3 RIZOMA METODOLÓGICO E EXPERIÊNCIA ETNOGRÁFICA: VIVER O MÉTODO E PLATÔ AUTOBIOGRÁFICO DA PESQUISADORA

3.2 MEU PLATÔ METODOLÓGICO: O PERCURSO DE UMA INICIANTE NA ETNOGRAFIA

Após meu retorno ao Brasil tive pouco mais de um mês para a entrada em campo. Procurei, em um momento de surto cartesiano, me preparar para o início do trabalho de campo, elaborando um roteiro ou guia orientador do que poderia ser observado nos encontros coletivos dos professores. Além disso, eu tinha em mente que deveria iniciar a etnografia buscando interagir com todos os docentes do curso de Design de Interiores, pois não sabia quantos iriam aceitar participar formalmente da pesquisa. Fui ao encontro desses professores no primeiro dia de seu retorno das férias escolares de 2011. Era um momento coletivo, mas geral, em que todos os professores do Instituto foram convocados a comparecer no Auditório principal do Campus Maceió para as boas vindas do ano letivo e programação específica.
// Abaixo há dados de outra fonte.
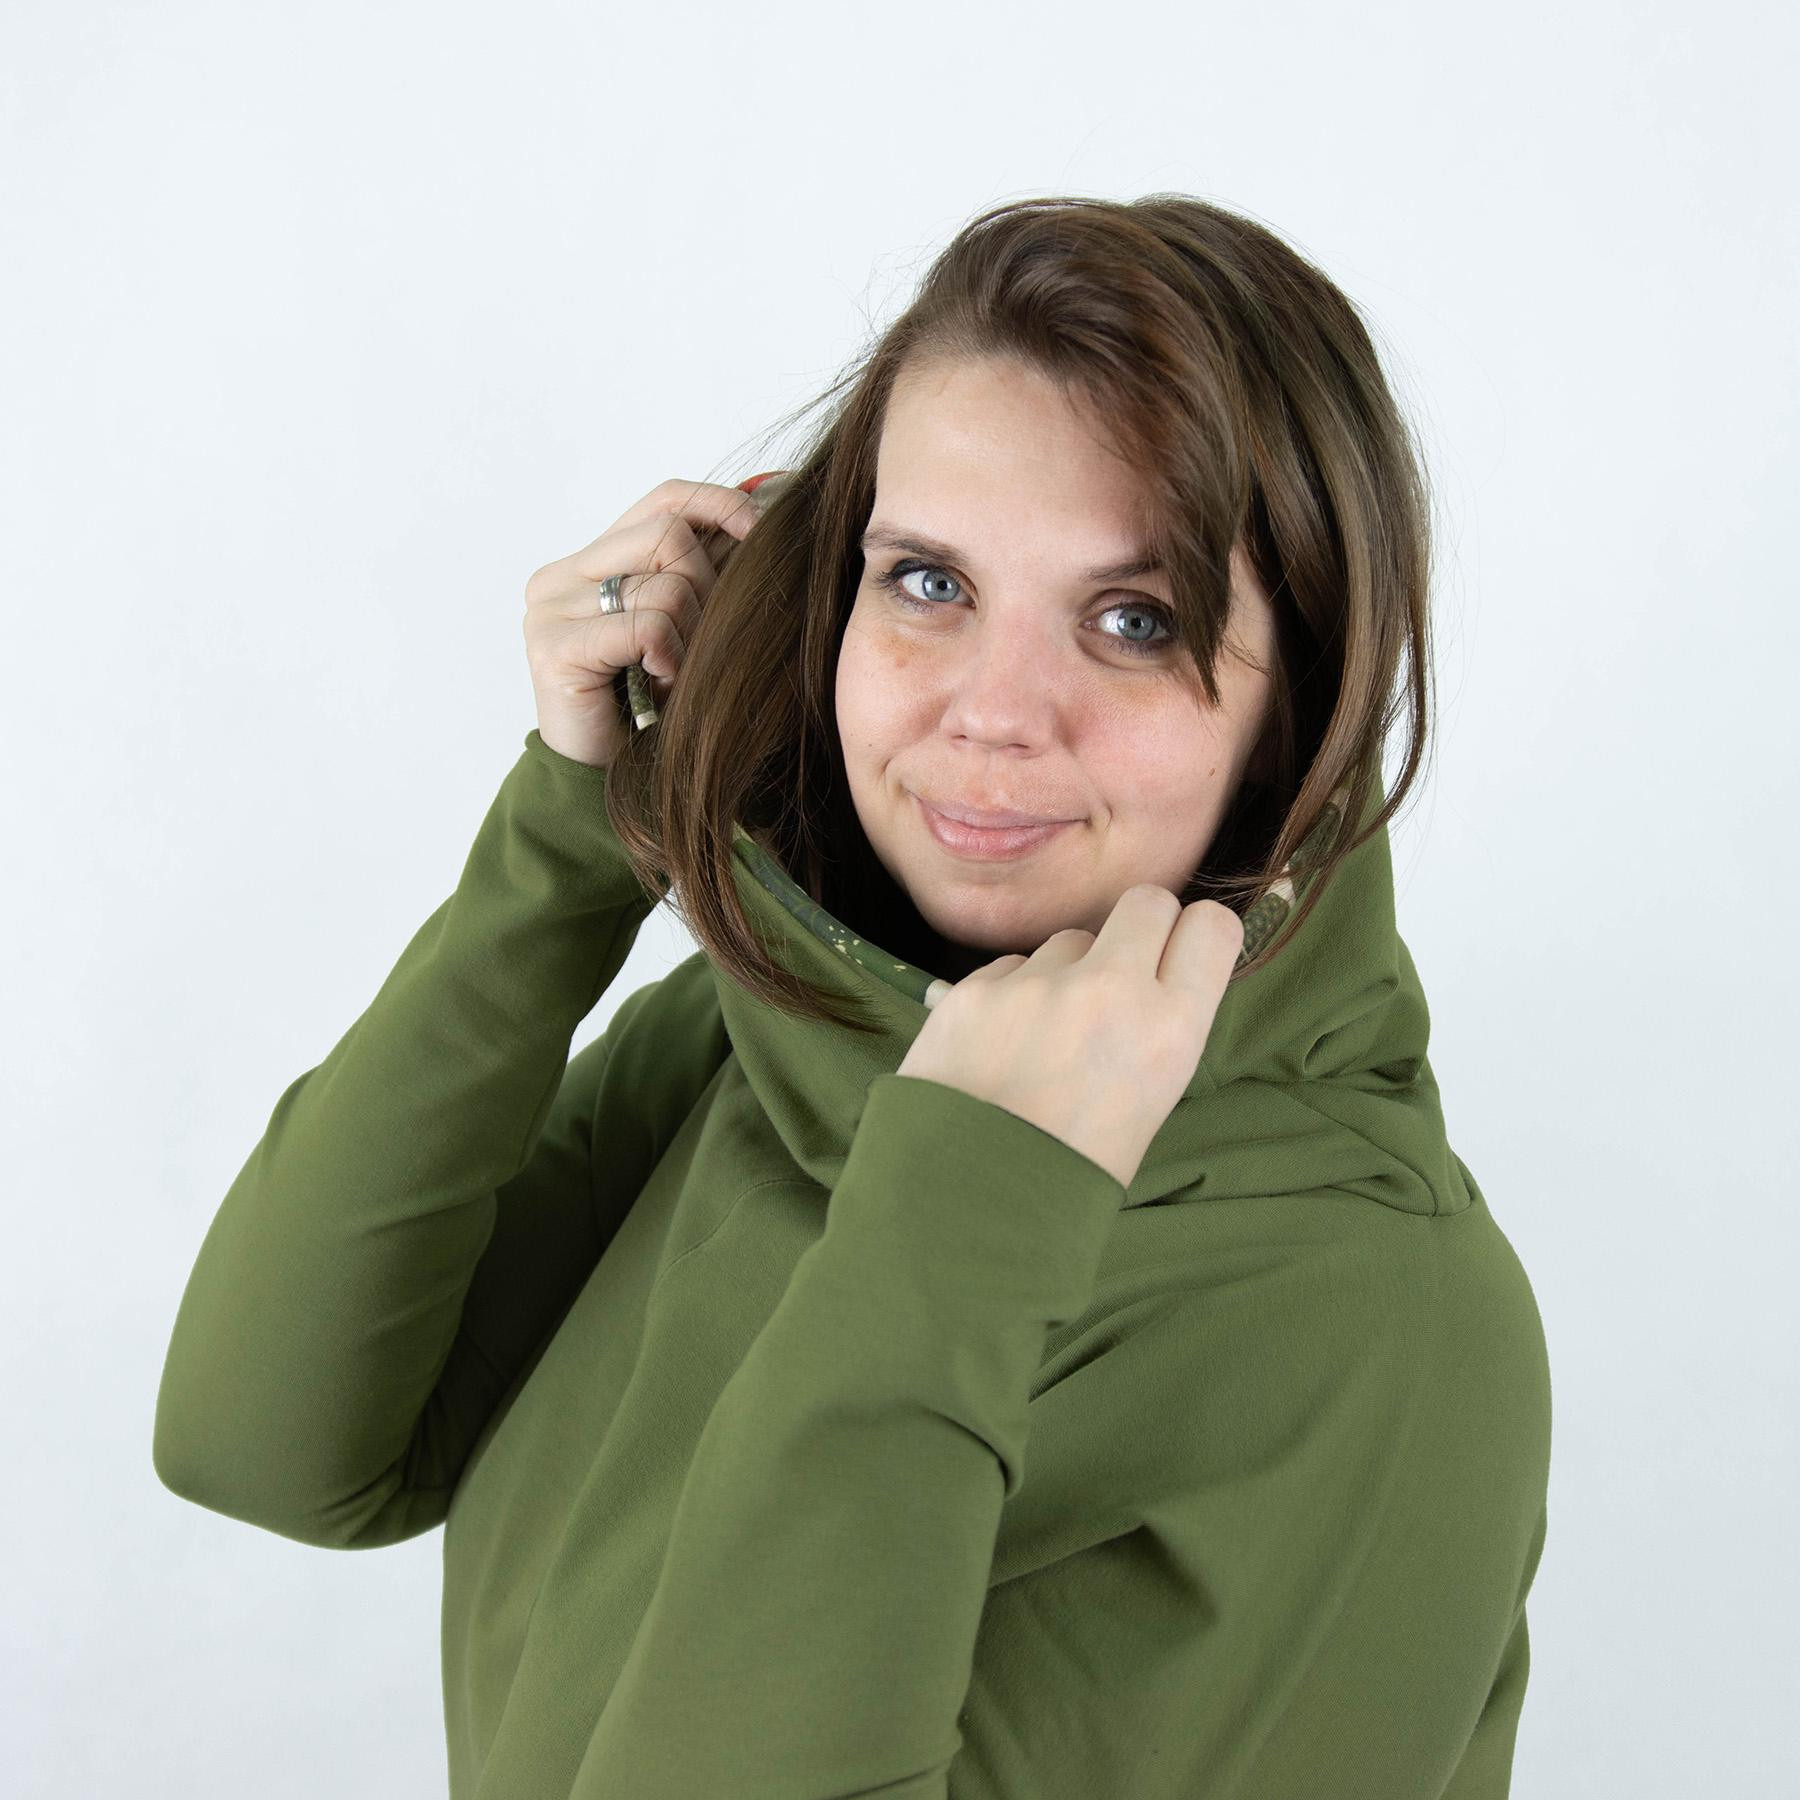 Sweatshirt mit Schalkragen und Fledermausärmel (FURIA) - ABSTRAKTION Ms. 4 - Sommersweat

Pensei que seria mais apropriado vê-los em um momento mais descontraído de reencontro com os colegas e de planejamento do ano letivo. Essas eram algumas das “certezas” que eu achava que tinha e que foram derrubadas logo no primeiro dia em campo, 01 de fevereiro de 2011.

Sentei próxima de 3 (três) professoras do curso de Design de Interiores, que se sentaram nas poltronas do lado direito do auditório, outros 3 (três) professores ficaram umas seis fileiras atrás de nós, e outros 2 (dois) não sentaram próximos, mas do lado esquerdo e no fundo do auditório.

Durante as atividades no auditório percebi uma impaciência dos professores em relação à programação proposta pela instituição: palestras e subgrupos para discussão de atividades pedagógicas e letivas. Apesar de ser um retorno pós-férias, a palestra de abertura sobre a “Identidade dos Institutos Federais” adiantou, para

mim, um percurso de dúvidas e conflitos em relação ao campo e, para os professores presentes, aparentemente provocou um total desinteresse pelo tema. Logo fiquei repleta de questões: há sempre a referência ao hibridismo dos professores da área geral e professores da área técnica; professores do quadro de carreira do ensino básico, técnico e tecnológico e professores do magistério superior; docente e profissional (arquiteto, engenheiro, advogado, psicólogo, etc).

Quando o palestrante afirmou que a identidade nos Institutos Federais mantém-se como a identidade atribuída, ou seja, a legalmente instituída; e frisou que a identidade deveria ser construída, fiquei muito mexida, porque a “professora do instituto”, naquele momento, apareceu fortemente e não a pesquisadora. O que questiono muito no trabalho docente é que não há a inclusão do cotidiano nas preocupações institucionais relativas à formação e à identidade. O eu etnocêntrico estava em ação e eu ainda no começo de tudo.

A palestra foi muito longa e o auditório foi se esvaziando, inclusive os professores que eu deveria observar também foram saindo aos poucos; e próximo do meio dia o auditório já estava praticamente vazio. Quando saí, às 12h10, estava confusa, pois achei que não havia observado absolutamente nada do que eu deveria, e, ainda, que estava com o comportamento de professor que também retornava ao trabalho, e não de pesquisadora.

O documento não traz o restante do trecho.